We and others have been looking for other potential targets in basal-like BRCA1 tumours, since unlike other subtypes of breast cancer, BRCA1 associated tumours may be resistant to conventional hormonal and chemotherapeutic regimens.5 This may be in part due to their enhanced hypoxic drive.6 However, during our investigations in familial breast cancer phenotypes, we noted that ERβ is expressed in ∼20% of BRCA1 associated tumours and that cytoplasmic ERβ expression is associated with a shorter survival (M Rayoo, personal communication, 25 May 2009). This suggests that a significant proportion of BRCA1 associated tumours may benefit from hormonal agents such as aromatase inhibitors. Furthermore, we had noted in sporadic breast cancers a significant correlation between both ERα and ERβ, with FOXP1.7 8 FOXP1 is a member of the winged helix or forkhead group of transcriptional factors that have roles in cell proliferation, differentiation, chromatin remodelling, mitotic programme and neoplastic transformation.9 Our studies have demonstrated that FOXP1 expression is most closely related to nuclear ERβ, rather than ERα expression.8 Since recent studies have suggested that FOXP1 is a tumour suppressor gene, we have investigated the role of FOXP1 in hereditary breast tumours. Our aims were to: (1) determine the frequency and pattern of expression of FOXP1 in familial breast cancers; (2) assess the relationship between FOXP1 and different genotypes; and (3) explore for associations between FOXP1 expression, clinicopathological parameters and survival in familial breast cancer.

Methods

Patients and tumour tissue microarrays

Familial breast carcinomas from female patients were retrospectively collected from kConFab between 1980 and 2005. The classification of BRCA1 and BRCA2 mutations was performed according to designations listed on the kConFab website (www.kconfab.org). The BRCAX breast cancers were defined by familial breast cancer in families without a known BRCA1 and BRCA2 pathogenic mutation, meeting kConFab category 1 and 1B eligibility criteria.

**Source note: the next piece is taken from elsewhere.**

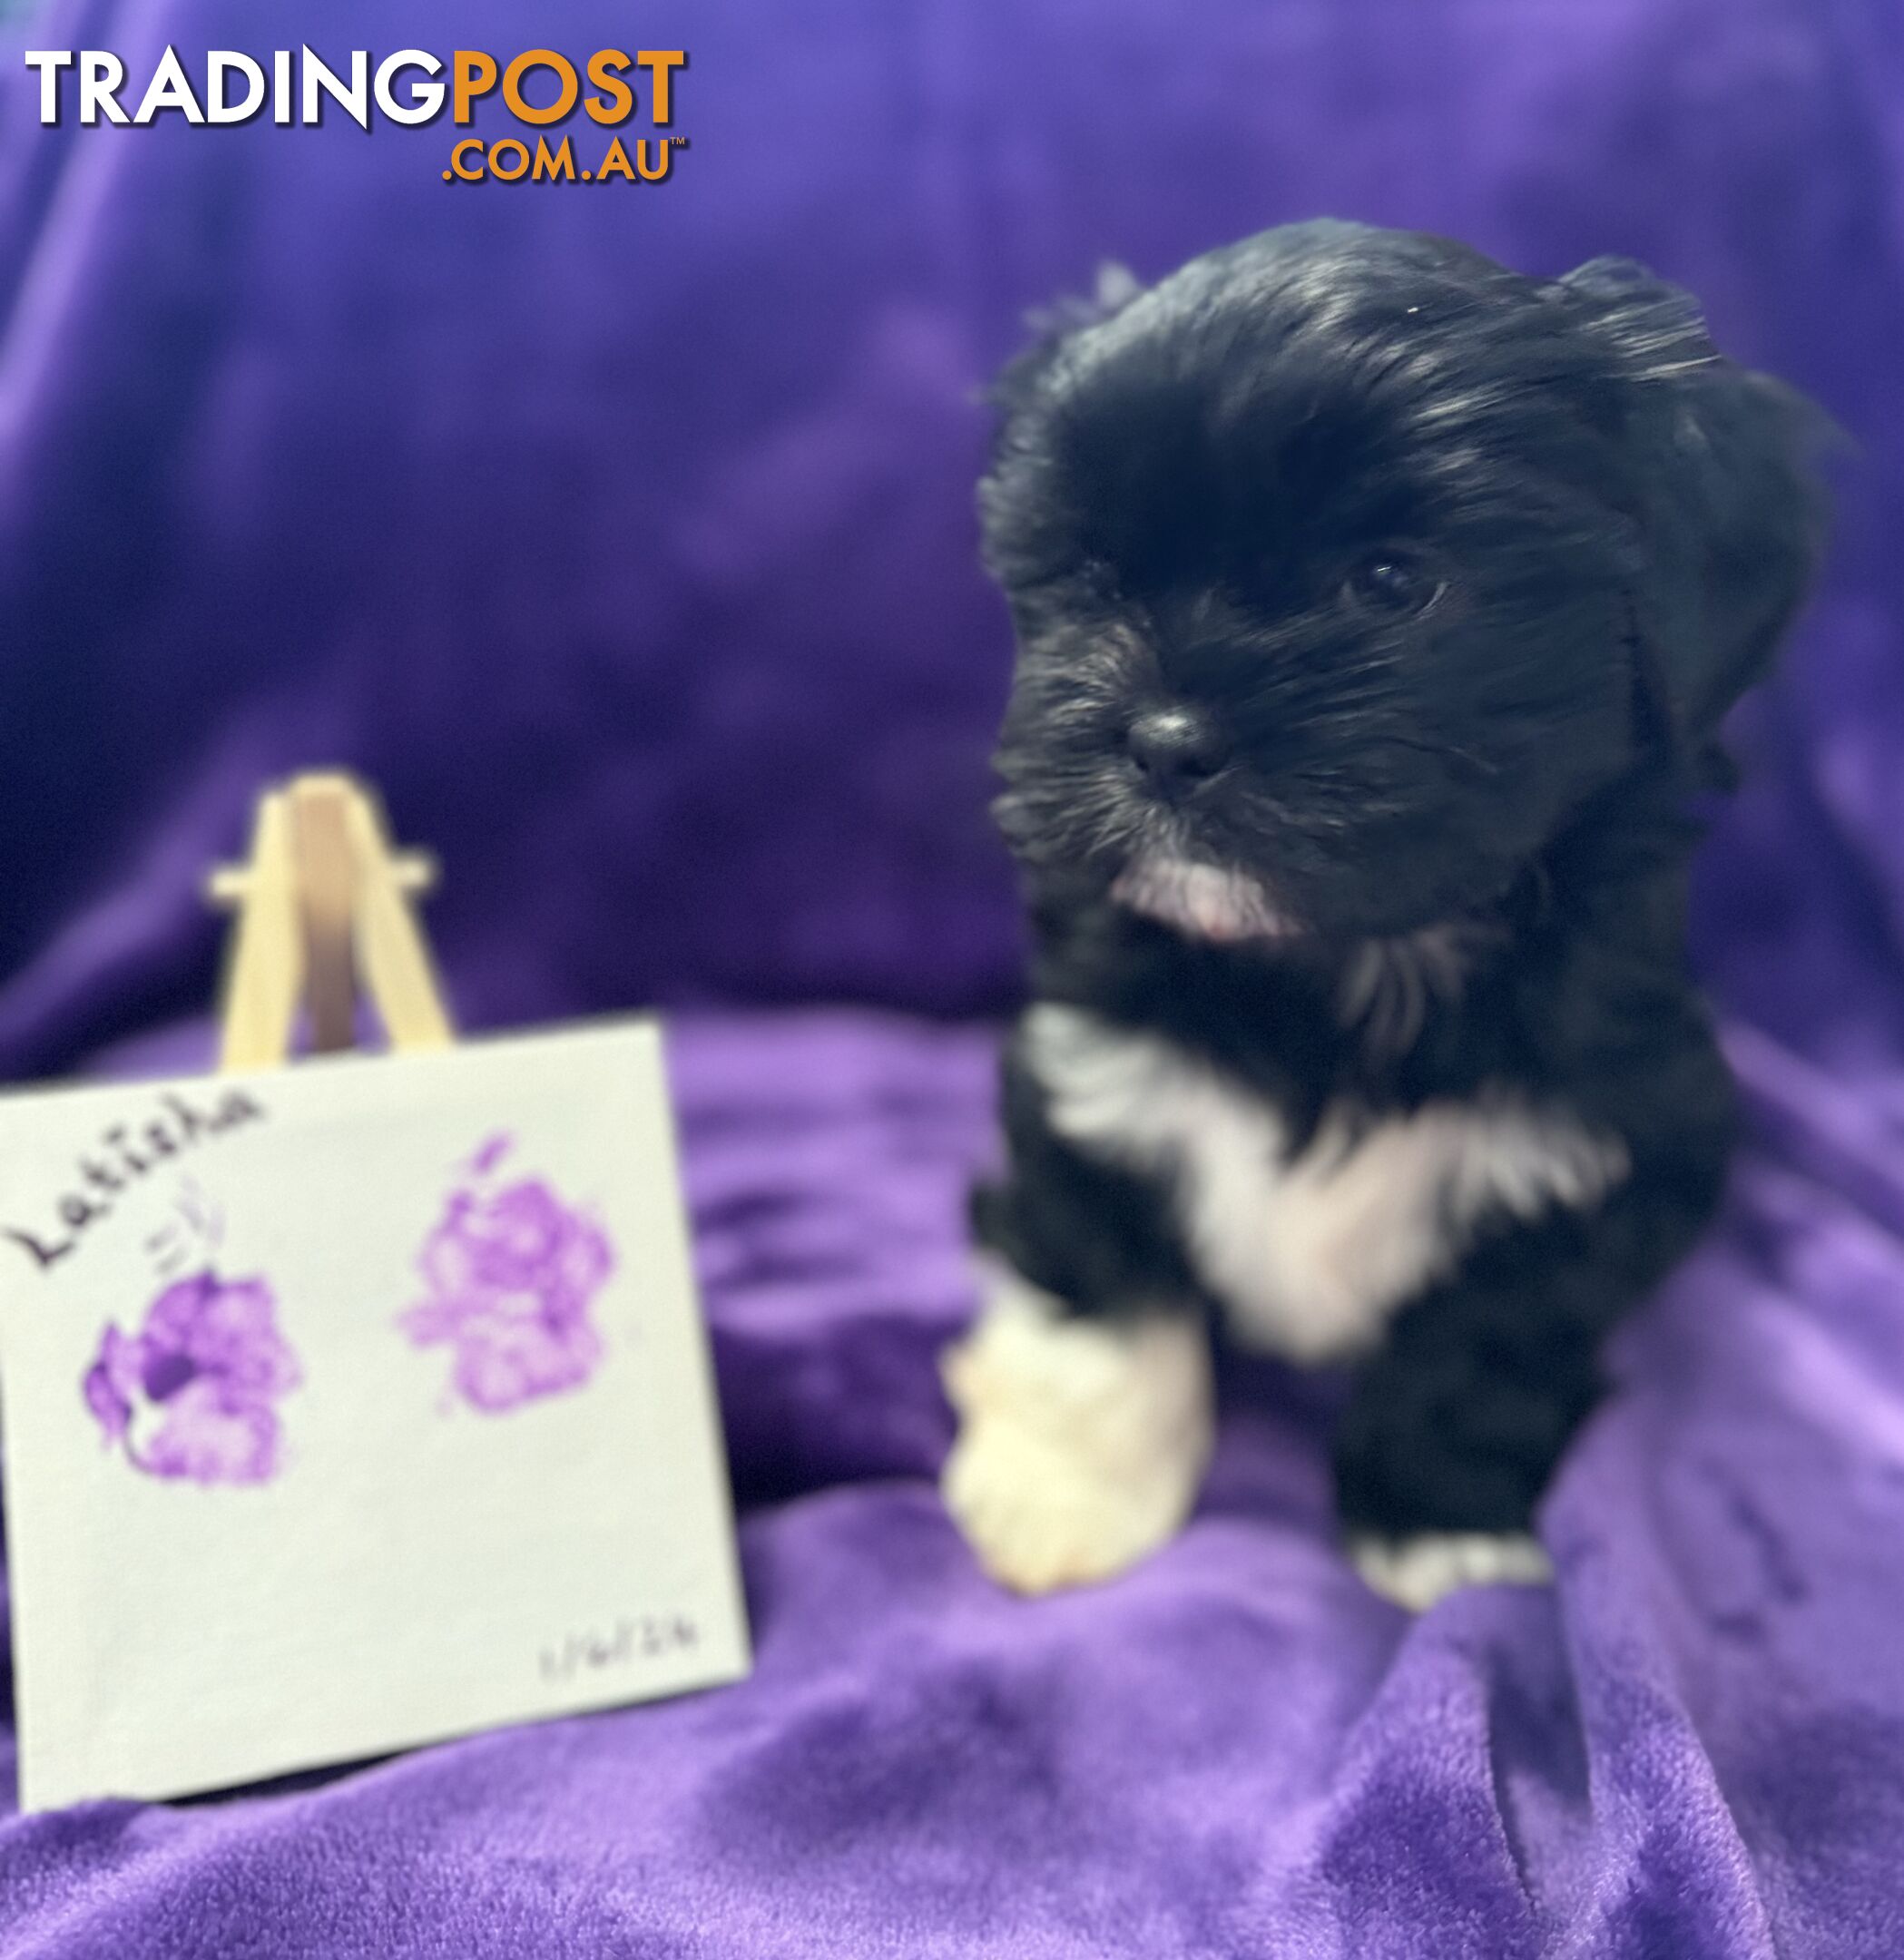 Purebred Lhasa Apso puppies registered breeder, toilet trained!

Table 1 lists the flow of patients through the study according to the REMARK criteria.10 Of the 147 cases, 8 were excluded due to lack of tissue for array construction and 13 were excluded due to the absence of tumour on the array. The final cohort was composed of 126 cases (35BRCA1, 34BRCA2 and 57 BRCAX cases). Of the 126 samples, 119 cases had survival data available and 99 had survival data plus the full complement of ER, PgR, HER2, CK5/6 and epidermal growth factor receptor (EGFR) staining.

Table 1

Flow of familial breast cancer patients through the study, according to REMARK criteria10

These were compared with a cohort of 99 sporadic cancers, matched for age and intrinsic subtype, collected from the John Radcliffe Hospital, Oxford, UK. The median ages for the familial and sporadic cohorts were 47.1 and 47.0 years, respectively. This study has ethics committee approvals (01/38 and JR C02.216).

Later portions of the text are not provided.